Губанов промолчал, о чем-то сосредоточенно размышляя. Вдруг лицо его просияло.
— Эврика! — крикнул он и, когда к нему подошли остальные, возбужденно прошептал: — Сюда... в переплет... можно вложить записку...
К этому предложению отнеслись по-разному: впечатлительный Лавр не удержался от бурного выражения радости, медлительный Климов вопросительно вскинул густые, сросшиеся у переносицы брови, а осторожный Зайцев спросил:
— Володя! А ты хорошо знаешь свою невесту? Уверен в ней?
Губанов густо, по-мальчишески покраснел.
— По совести говоря, знаком с ней недавно...
— Не подойдет, дружище! — решительно заключил Зайцев. — Для такого дела нужен надежный, проверенный товарищ!
...Когда Наташу ввели в комнату свиданий, там толпилось уже много людей. Тут были женщина с бескровным, испитым лицом, державшая за руку шуструю девочку с ярким бантом в тоненькой косичке; девушка, которая то и дело поправляла цветастую косынку, сползавшую с непокорных кудрявых волос; угрюмый мужчина в пенсне, по виду банковский служащий; старик и юноша, в которых без труда можно было узнать отца и сына. В сторонке стояла сухонькая старушка в кашемировом платье с глухим воротом, обрамленным кружевами, и пышными буфами на плечах.
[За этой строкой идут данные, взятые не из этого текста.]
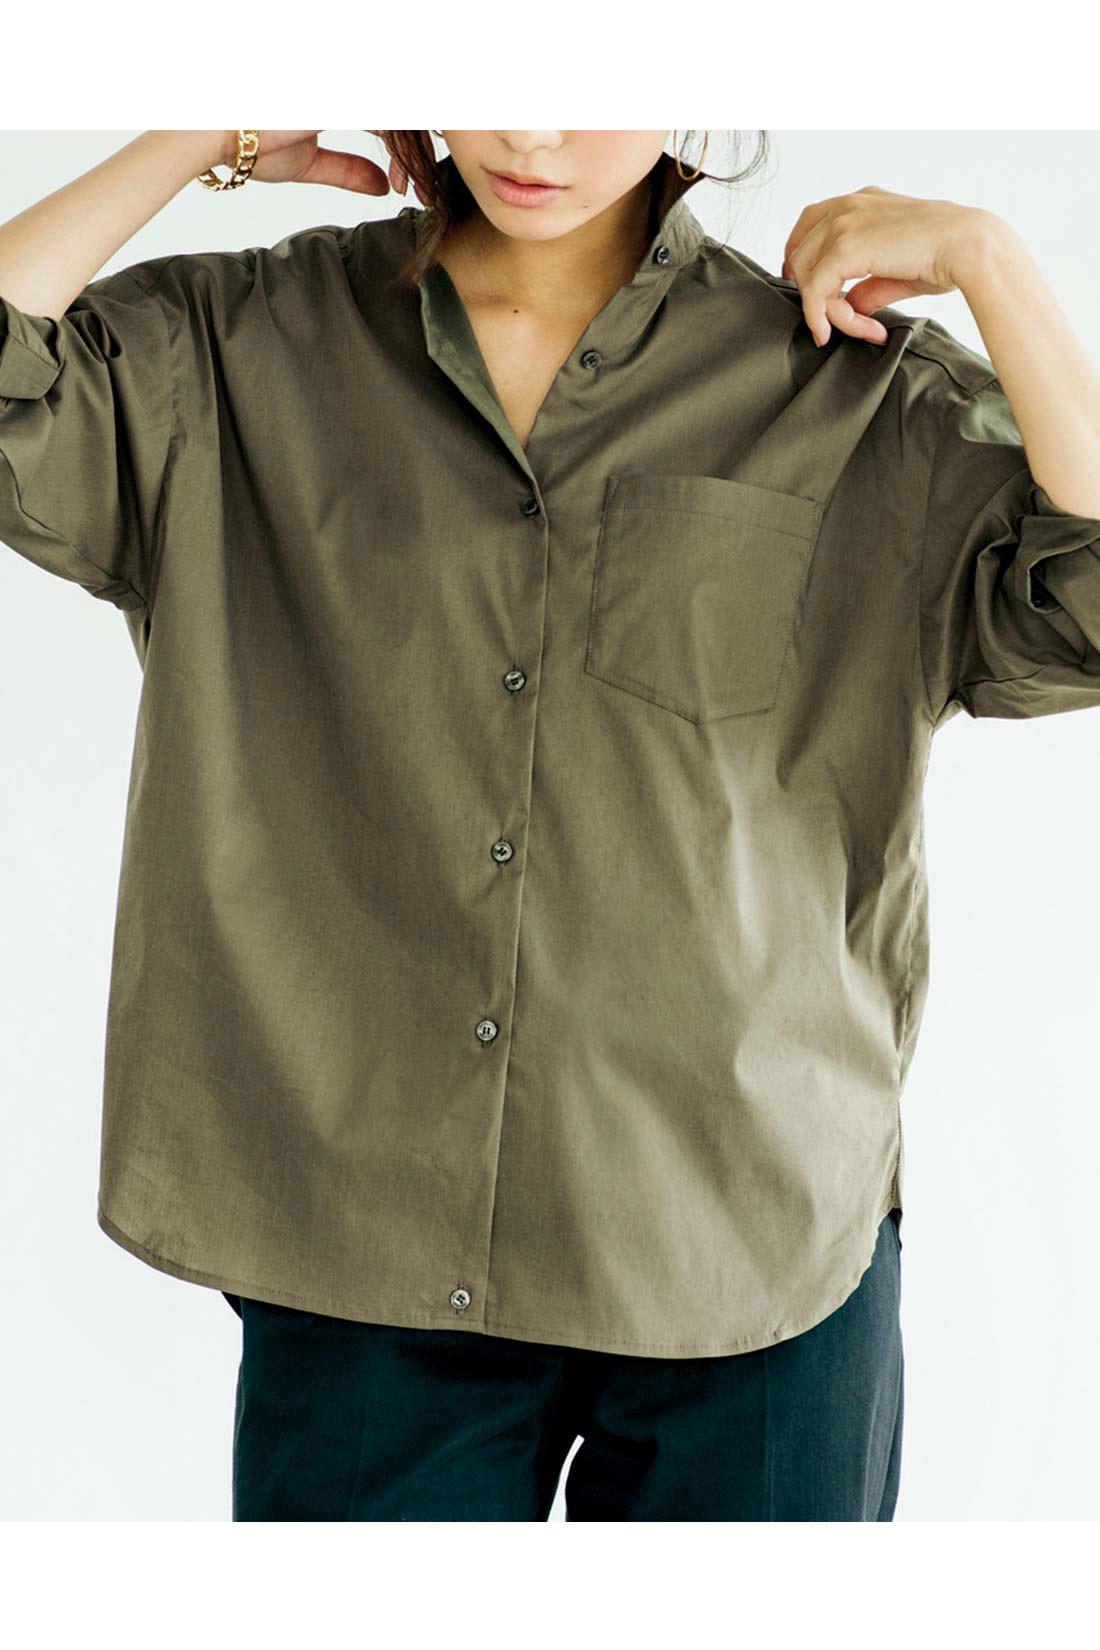 ドロップショルダーとほんのりドルマンシルエットデザイン。 ※お届けするカラー・袖丈とは異なります。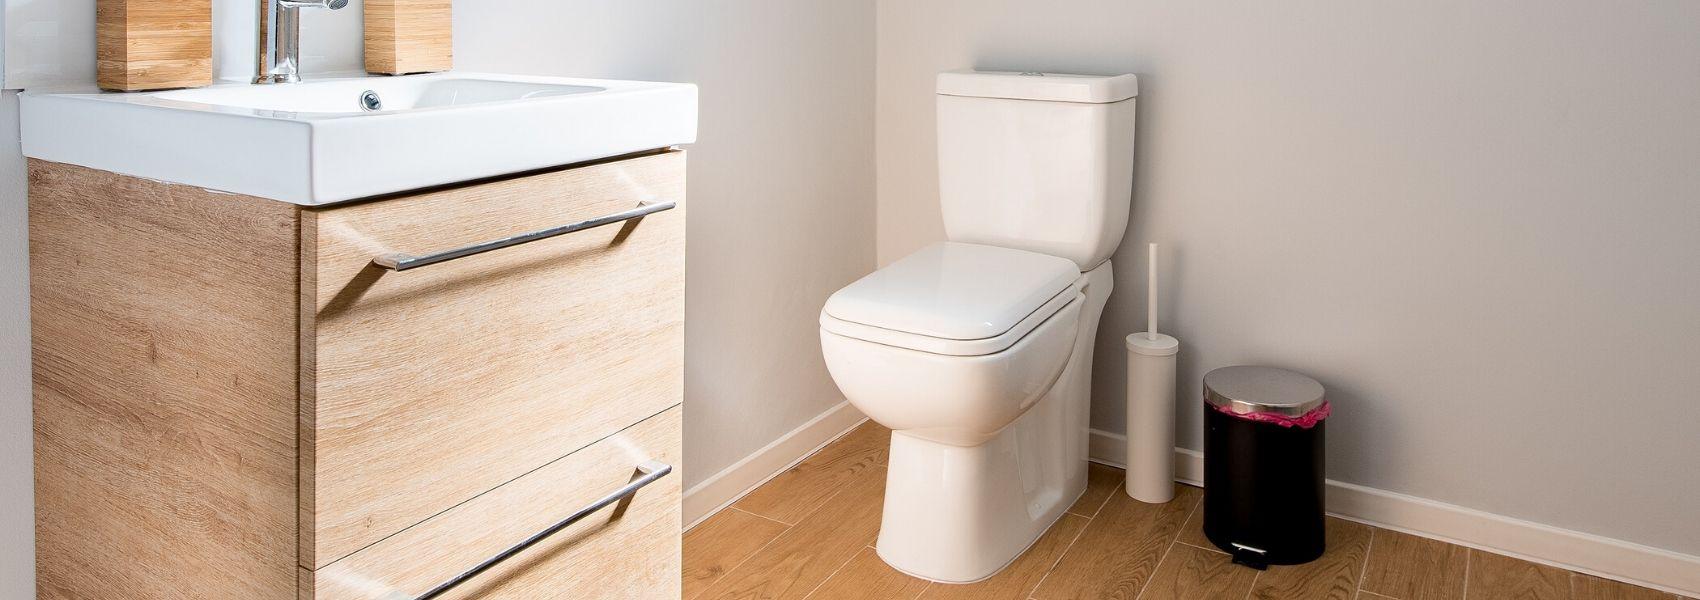 Na Europa, há 31 milhões ainda sem acesso ao saneamento básico

По морщинистым щекам ее катились крупные слезы.
Наташа невольно поежилась: чем-то нежилым, заброшенным веяло от этой грязной, полутемной комнаты с давним, устоявшимся запахом плесени и сырости. Узкое оконце пропускало жидкий серенький свет; его чуть усиливала электрическая лампочка, горевшая вполнакала. Посреди комнаты от пола до самого потолка высилась толстая решетка. Через шаг от нее находилась другая такая же решетка. Они образовали тесный коридорчик, в который выходила дверь со двора тюрьмы.
Через эту дверь и ввели заключенных.
— Мамочка, папка пришел! — пронзительно крикнула девочка с бантиком в косичке и потащила мать к решетке.
Вместе со всеми кинулась туда и Наташа. Но, заметив, что старушка от волнения не в силах двинуться с места, вернулась, обняла ее за плечи, подвела к решетке. В толпе заключенных Наташа не сразу заметила Лавра.
— Наташа!..
Прямо перед собой, за второй решеткой, она увидела высокую фигуру брата и, ощутив мгновенную слабость, схватилась за железные прутья.
— Не узнала... У тебя такая бородища...
— Отойдите от решетки! — послышался сиплый голос надзирателя.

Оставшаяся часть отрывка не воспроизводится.